Responsible for 176,000 pupils, the authority had a disproportionately high number of schools causing concern.

But in a report published this week, inspectors highlight a dramatic turnaround - with the council’s strengths outweighing its weaknesses.

They said that the appointment in 1996 of Chris Trinnick as education director had a “significant” impact on the organisation and overall efficiency of the authority.
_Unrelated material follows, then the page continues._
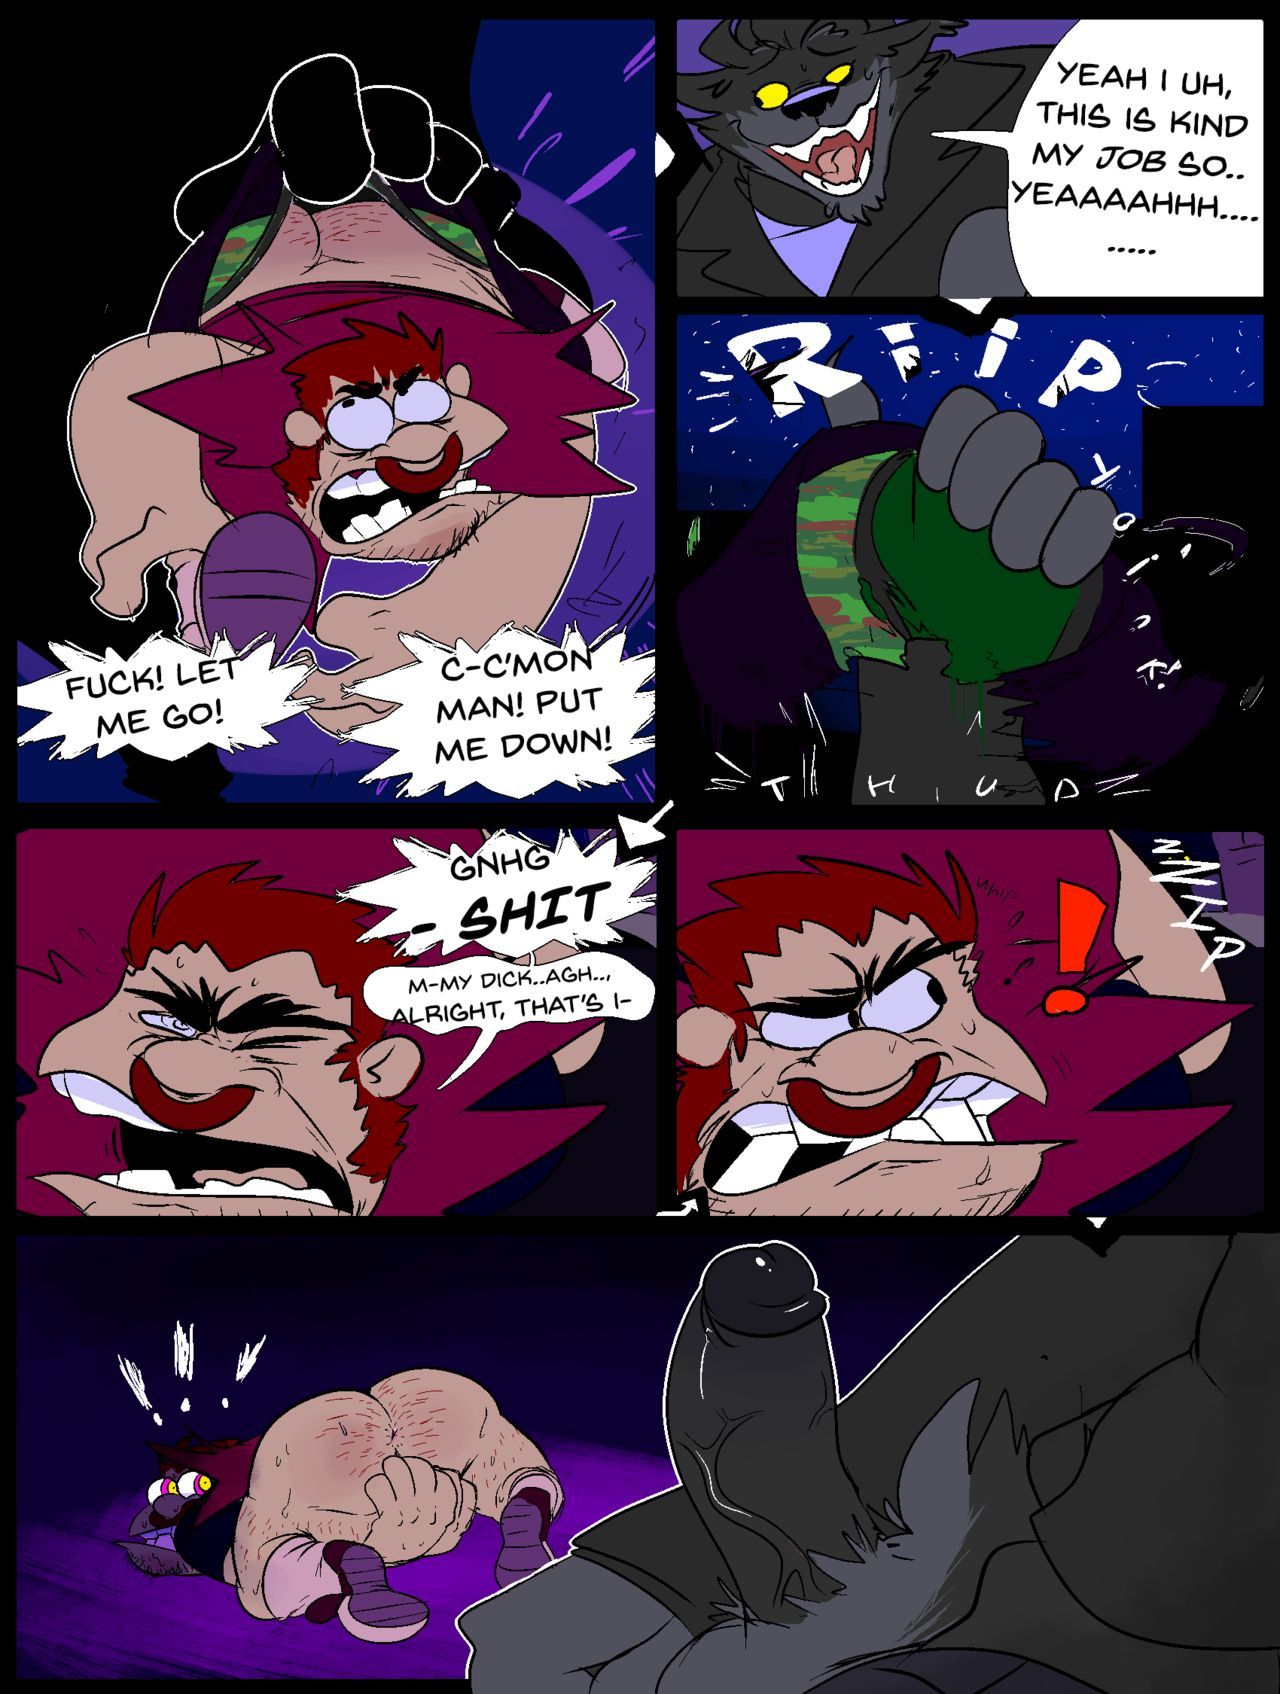 [Torquewintress] Karma and the Bully 19

He introduced a more rigorous evaluation regime with decision-making based on priorities rather than custom and practice.

Inspectors said still more needed to be done and added: “Some officers have yet to fully recognise the future shift in culture and pace this requires.”

Nevertheless, the percentage of failing schools in Lancashire is now well below the national average and 10 were taken off special measures in the past year.

The county, with more than 600 schools, has just one secondary, ne special and six primaries currently in special measures. A further 33 have been identified as having weaknesses. Its pupils and schools are performing at least as well as schools nationally, and continue to improve in line with, or slightly faster than, the rate nationally and in similar LEAs.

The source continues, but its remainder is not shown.